# My new doggie



## foofighter (Dec 19, 2008)

Been wanting and lusting since I got my FP7 and then the opportunity came and I jumped.










MOst Cockpit: stem, Jaugar CF bar, Leopard saddle
Campy Super Record 11
Speedplay with Ti spindle conversion
DT Swiss Tricon 1450 hoops
Schwalbe Ultremo R.1 700x25

Weighed in at 16.36lbs with all the above and sensors for my Garmin









Cant wait to get this baby out on the road tomorrow.


----------



## rhauft (Aug 8, 2006)

Nice build foo, you're going to love it! I'll be on mine tomorrow too.


----------



## kbwh (May 28, 2010)

Very stylish colour combo on that frame. Congrats, foo.


----------



## foofighter (Dec 19, 2008)

thx guys black and white is pretty easy to work with


----------



## enzo269 (May 25, 2009)

Very very nice Foo... Enjoy your new ride.. It is an amazing ride..


----------



## arcustic (Mar 17, 2010)

Congrats Foo. Enjoy your new ride.


----------



## foofighter (Dec 19, 2008)

thanks guys took her out on the maiden ride on saturday and this thing wants to go fast on the flat or on the climbs. Love this bike


----------



## BunnV (Sep 7, 2005)

Proper Dog FF. Had it on a scale yet?


----------



## foofighter (Dec 19, 2008)

no not yet,  i really need to invest in a scale though


----------



## rhauft (Aug 8, 2006)

BunnV said:


> Proper Dog FF. Had it on a scale yet?


Don't you know it's not polite to ask a lady her weight? Even if that lady is a dog...


----------



## foofighter (Dec 19, 2008)

an Italian lady at that


----------



## vladvm (May 4, 2010)

looks like chinarello j/k...


----------



## foofighter (Dec 19, 2008)

haha vladvm  

i'm sure it's mental but i'm definitely riding better...well i have a lot lighter wheelset than the FP7 this go around so that helps


----------



## colnagorapid (Sep 17, 2010)

nice bike, nice choice going with campy, suits the bike better, I am still in the process of building my paris, just missing the gruppo cant wait to get on it


----------



## foofighter (Dec 19, 2008)

took the dog out for a run today on my lunch break. WOW man riding on the trail headed out towards the bay had some decent on shore breeze but on the ride back I was hauling some serious arse. It's as if the bike wanted to keep going faster. The harder I pushed the better it felt. I was cruising along at 20 and another rider passed me on my left...well i had the legs today and the dog wanted to run. I put the gas on and caught up to him with enough gap that I wasnt benefiting from the draft and paced him. After a few miles he relented  and we chatted and complimented me on how good the bike looks  made my day.

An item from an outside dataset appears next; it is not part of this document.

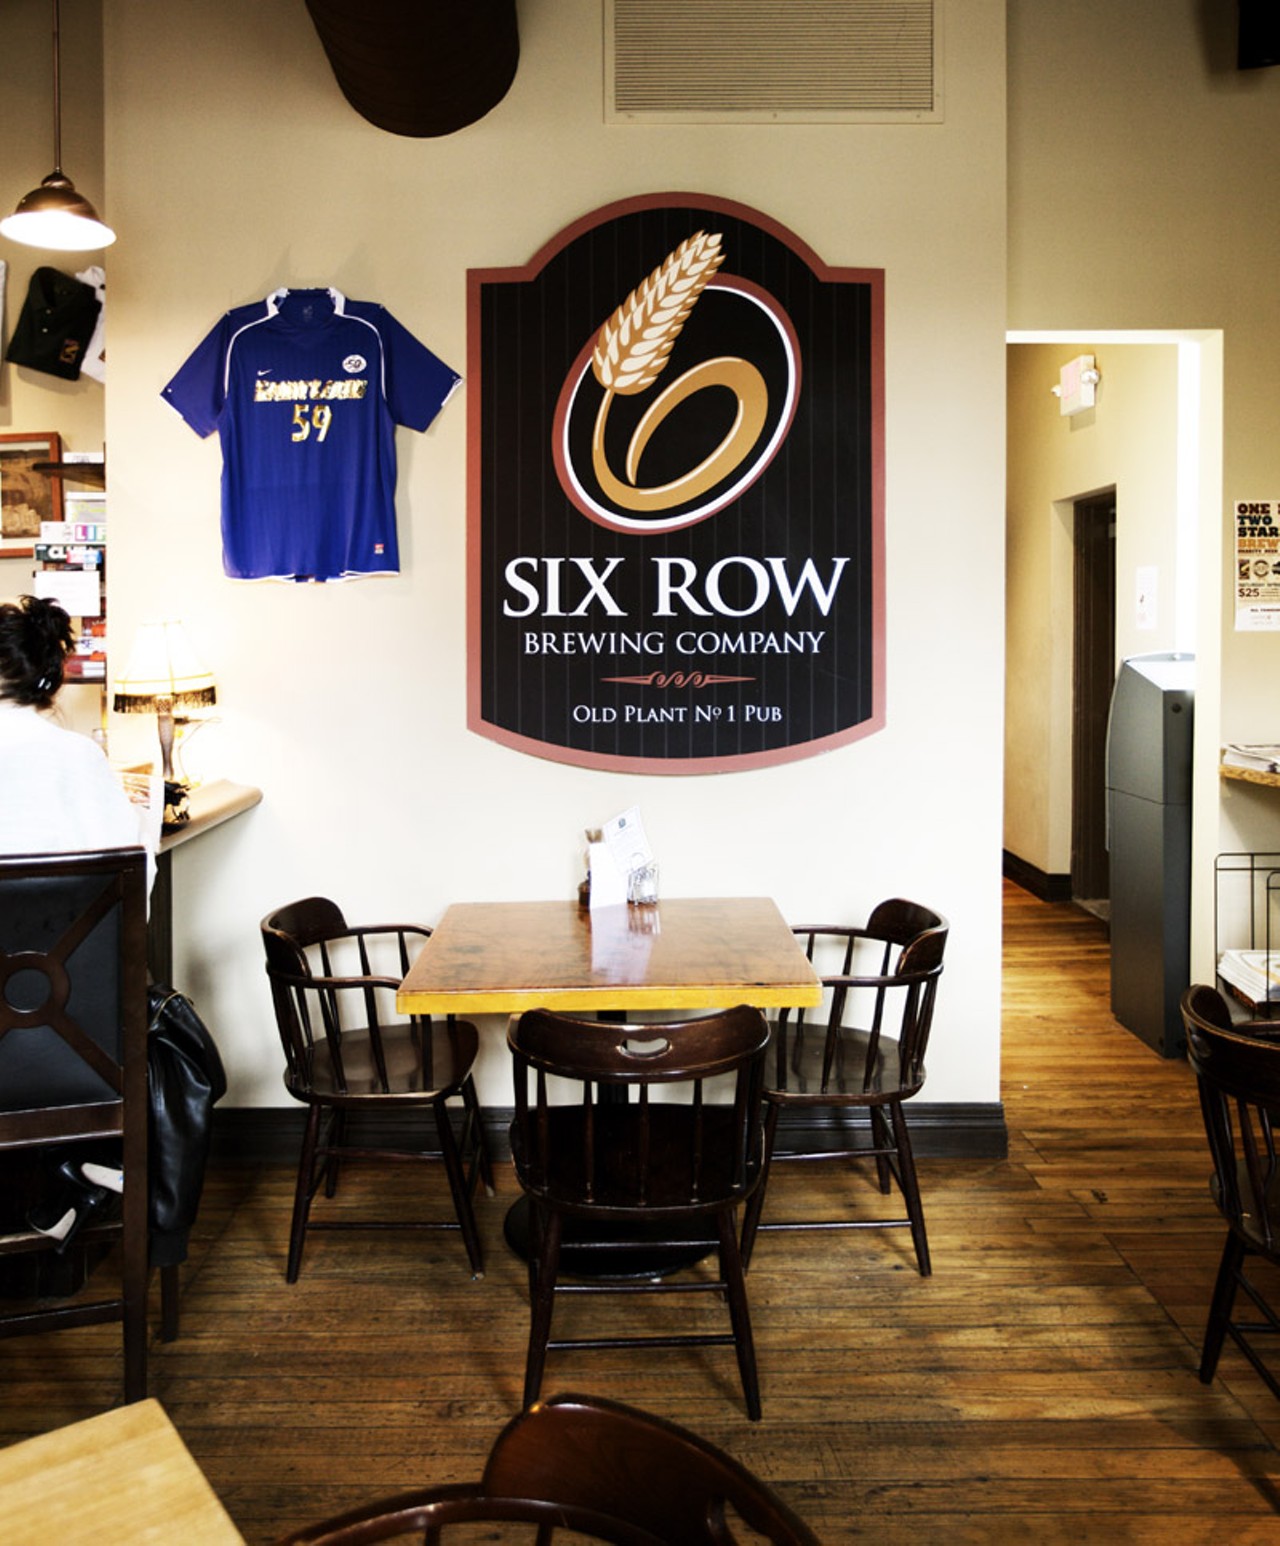 A quiet Saturday afternoon at Six Row Brewing on Forest Park near SLU.

Oh I got a scale today and weighed the Italian. Fully loaded with bottle cages, speedplay pedals, cadence sensor etc. 16.36 lbs. Respectable in my book.


----------



## joep721 (May 4, 2009)

Foo, dude now I have to live vicariously through you and your sweet dogma. Beautiful bike my friend. Have fun and enjoy the ride - I think you are already having fun!  

Joe


----------



## Clanky44 (Apr 6, 2011)

foofighter said:


> took the dog out for a run today on my lunch break. WOW man riding on the trail headed out towards the bay had some decent on shore breeze but on the ride back I was hauling some serious arse. It's as if the bike wanted to keep going faster. The harder I pushed the better it felt. I was cruising along at 20 and another rider passed me on my left...well i had the legs today and the dog wanted to run. I put the gas on and caught up to him with enough gap that I wasnt benefiting from the draft and paced him. After a few miles he relented  and we chatted and complimented me on how good the bike looks  made my day.
> 
> Oh I got a scale today and weighed the Italian. Fully loaded with bottle cages, speedplay pedals, cadence sensor etc. 16.36 lbs. Respectable in my book.

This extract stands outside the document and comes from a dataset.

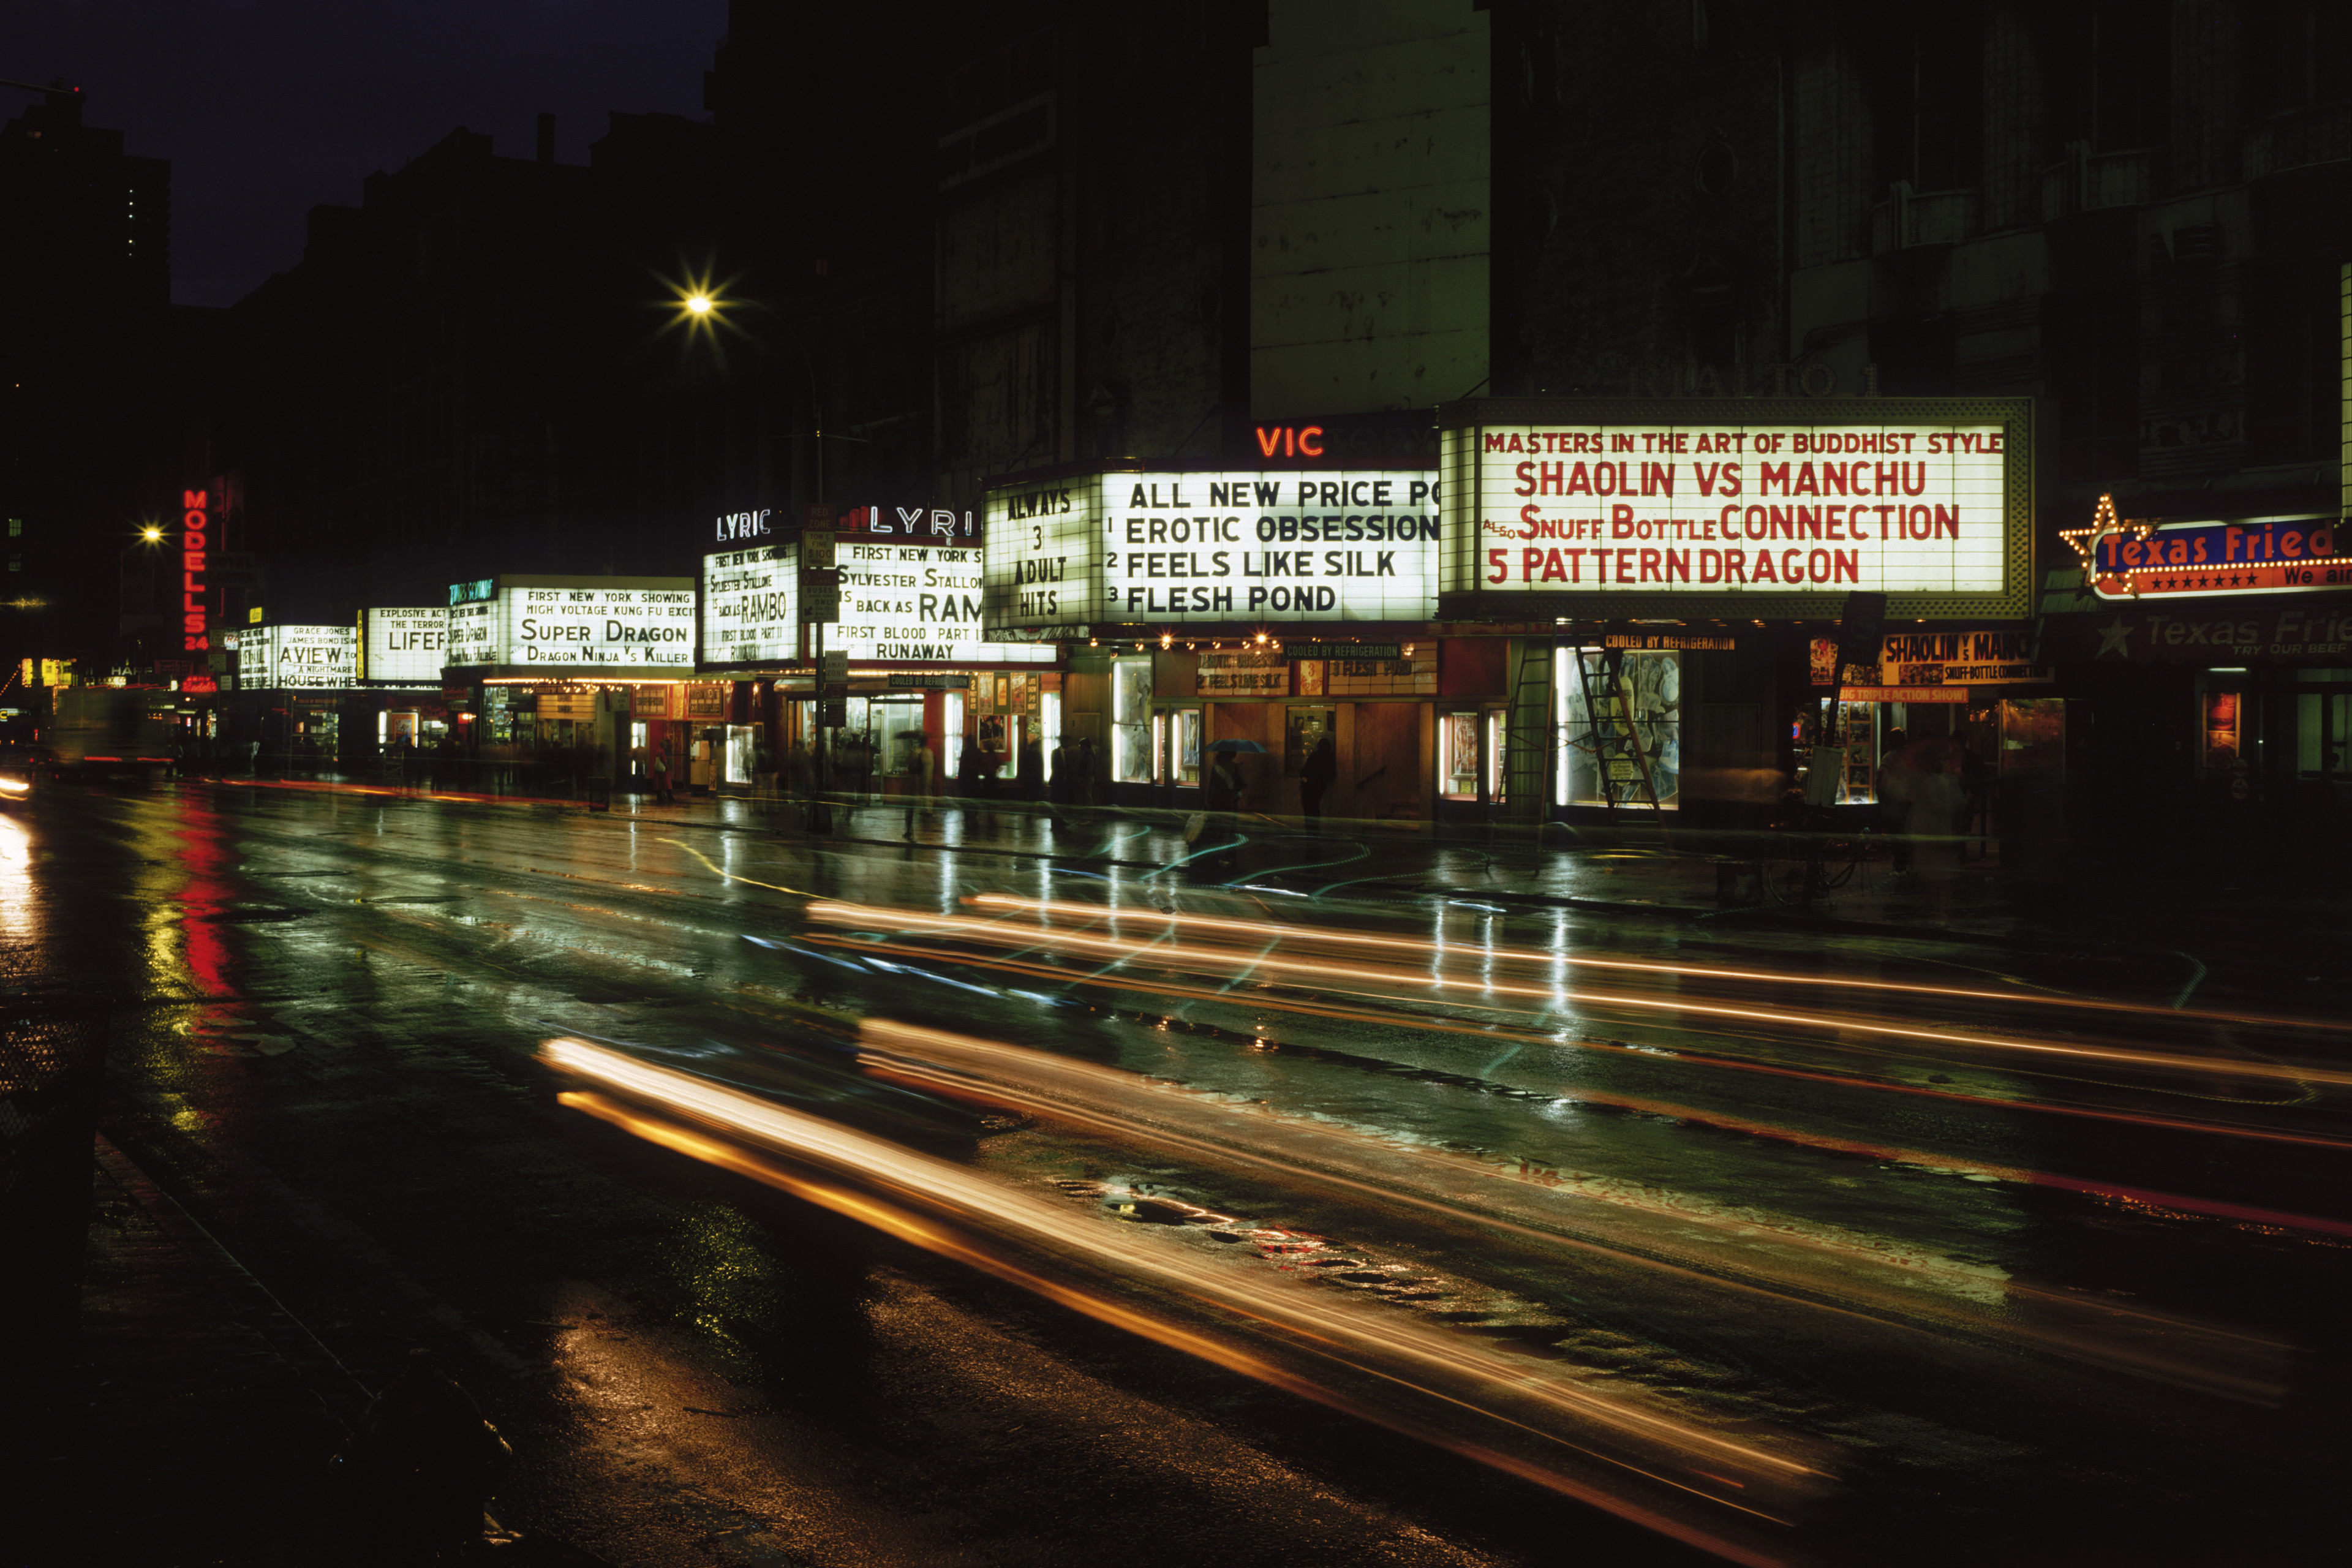 Cinema signs advertising adult and martial arts films on 42nd Street, New York, circa 1977. | Source: Getty Images

Stunning ride foofighter!! :thumbsup: 

I'm envious of your weather, forecast around my parts is for flurries for the next 4 days!  To give you some perspective on the weight, my quattro 57.5 fully loaded with LOOK pedals and with bottle cages came out to 18.2 lbs.


----------



## foofighter (Dec 19, 2008)

thanks Joep721: for a long time i've lived vicariously through other dogma owners on this board so as they say "every dog has it's day"  let's hope yours is soon!

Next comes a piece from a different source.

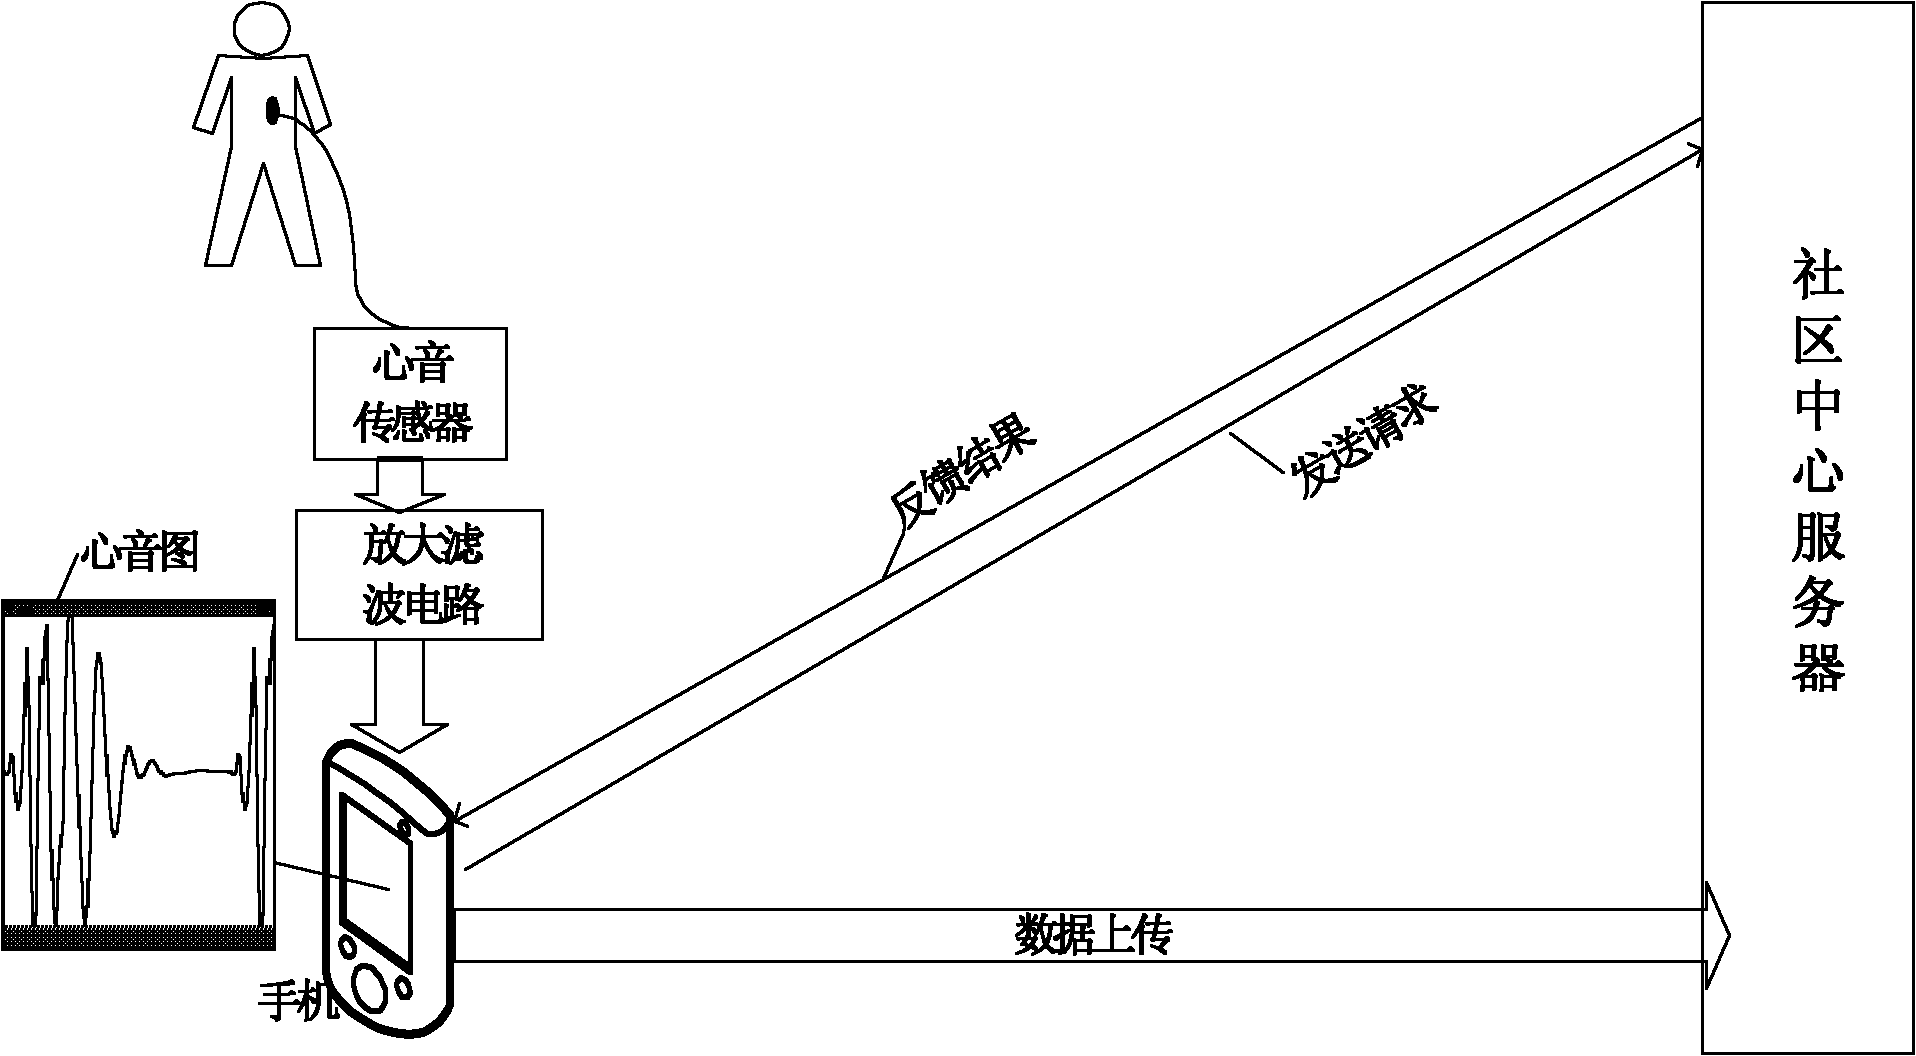 System and method for detecting mobile phone cardiac sound based on earphone interface

Clanky44: I totally am lucky to live in socal, today on my ride bike home i registered 96 degrees on the tarmac so it was a bit warm. Once again the dog didnt disappoint, I climb this hill that I gauge myself on fitness etc and last year i struggled to maintain 6mph up that thing today...a tad over 9mph i'll attribute a portion of it to the bike and the rest on me losing 28lbs 

And as i mentioned i really think these pinarellos have some heft on them only for better handling...so i'm perfectly okay with it. Although i've been eyeballing some lighter skewers LOL


----------